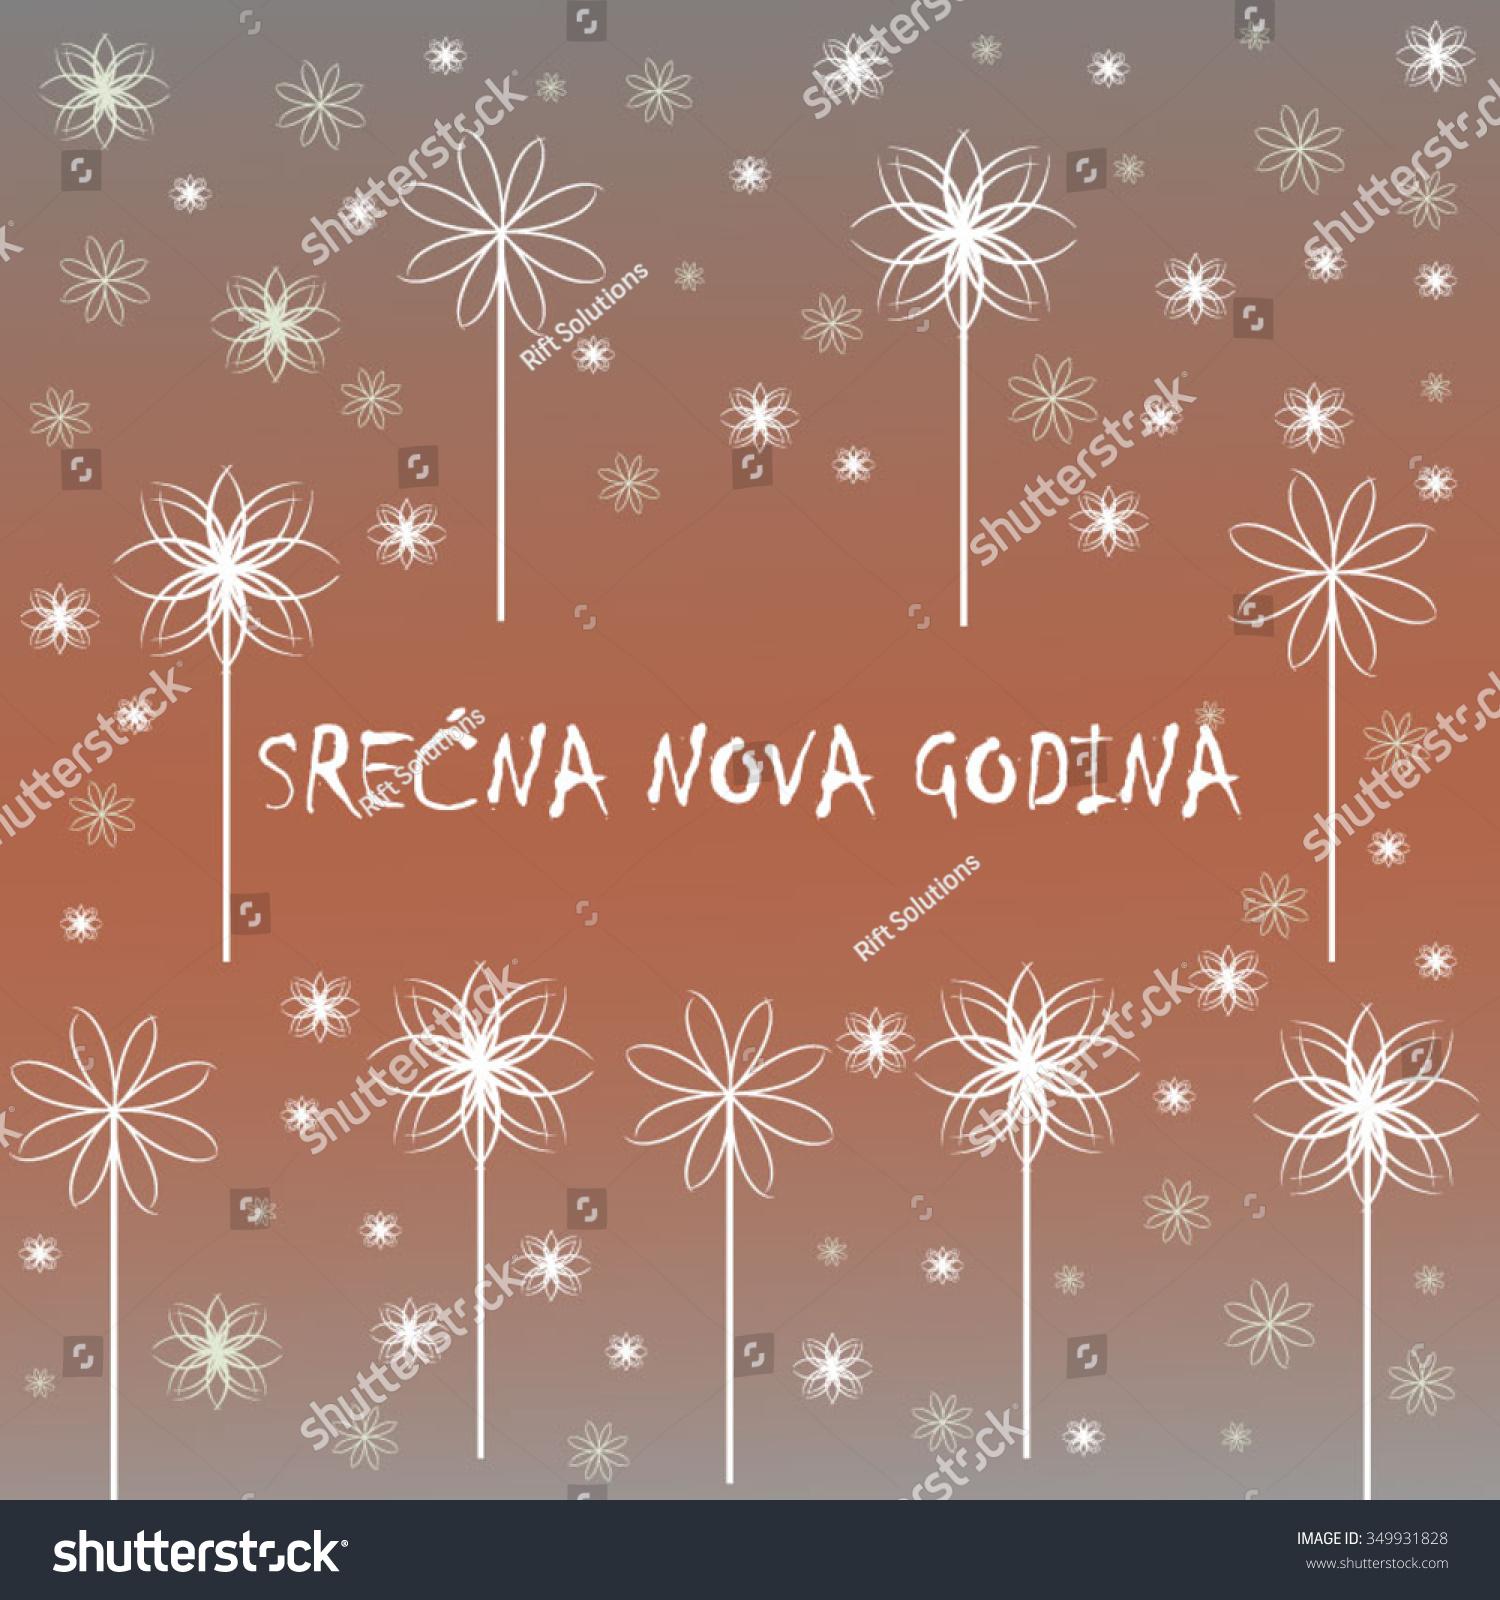 New year greeting cards serbian montenegrin stock vector 349931828 new year greeting cards to serbian montenegrin bosnian and croatian language kristyandbryce Images
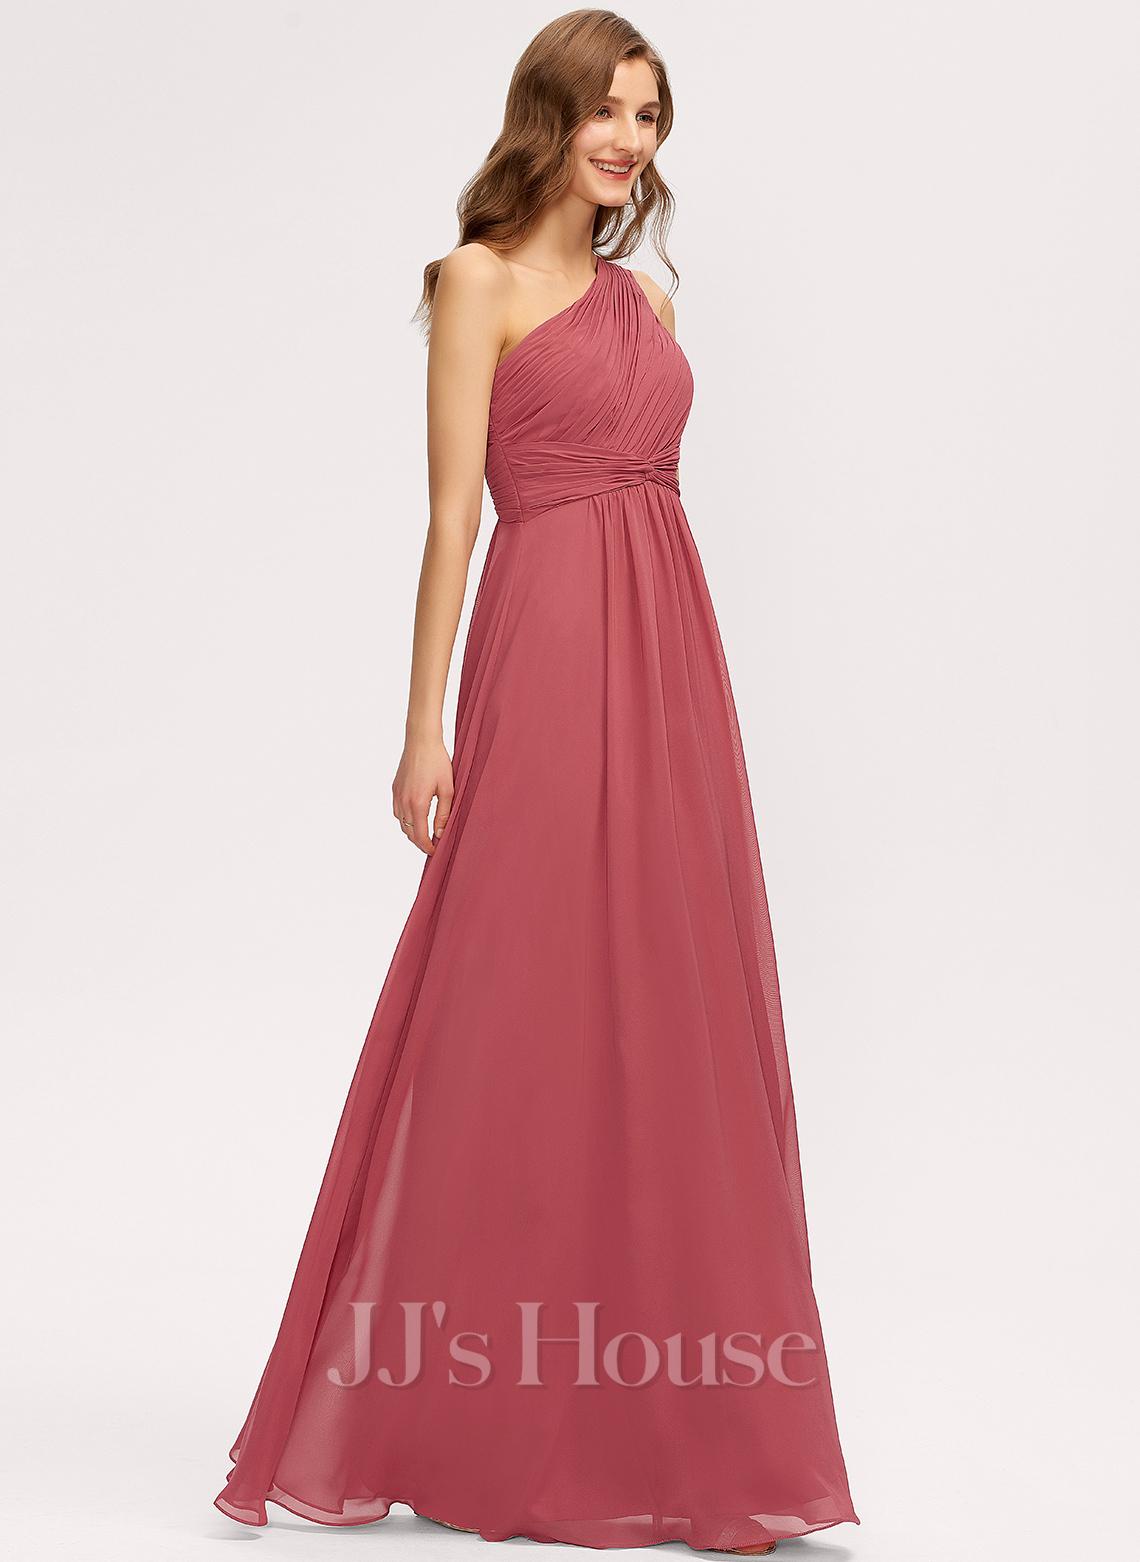 One-Shoulder Floor-Length Chiffon Bridesmaid Dress With Ruffle
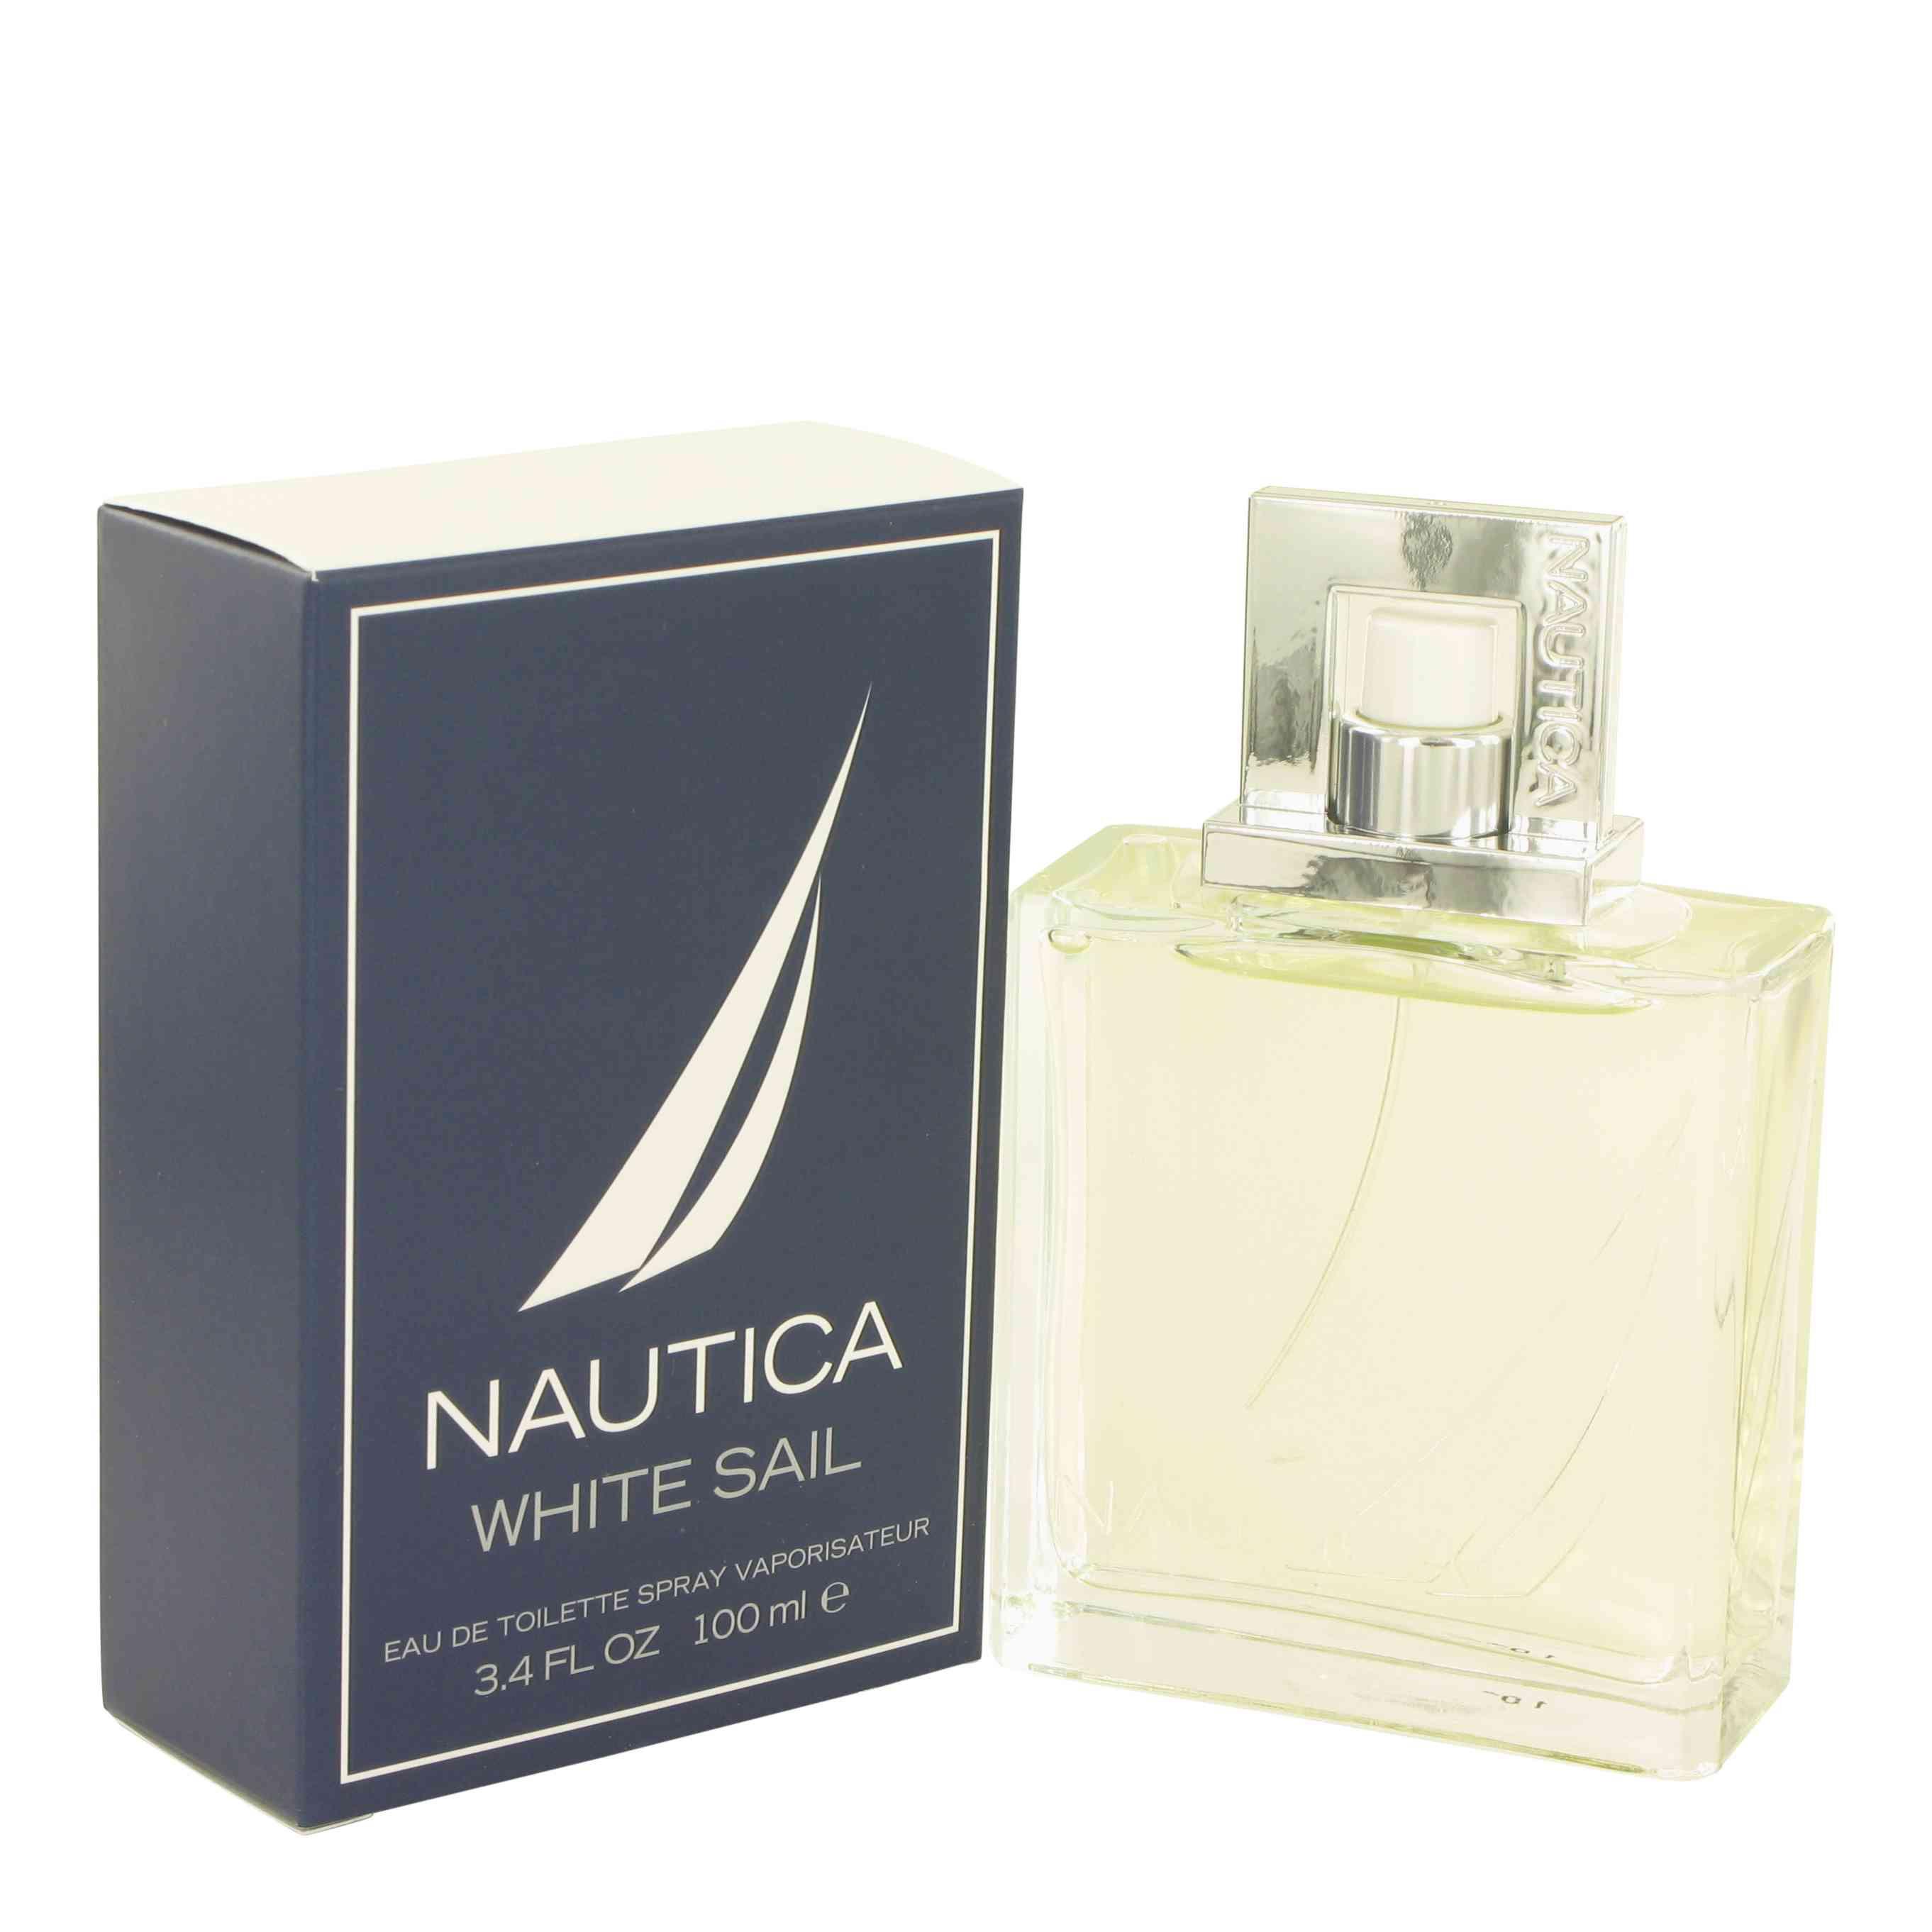 Nautica White Sail аромат для мужчин

*****

PROMPT ->
Output the listing exactly. Leave out any image.

TASK OUTPUT ->
 New year greeting cards serbian montenegrin stock vector 349931828 new year greeting cards to serbian montenegrin bosnian and croatian language kristyandbryce Images
 One-Shoulder Floor-Length Chiffon Bridesmaid Dress With Ruffle
 Nautica White Sail аромат для мужчин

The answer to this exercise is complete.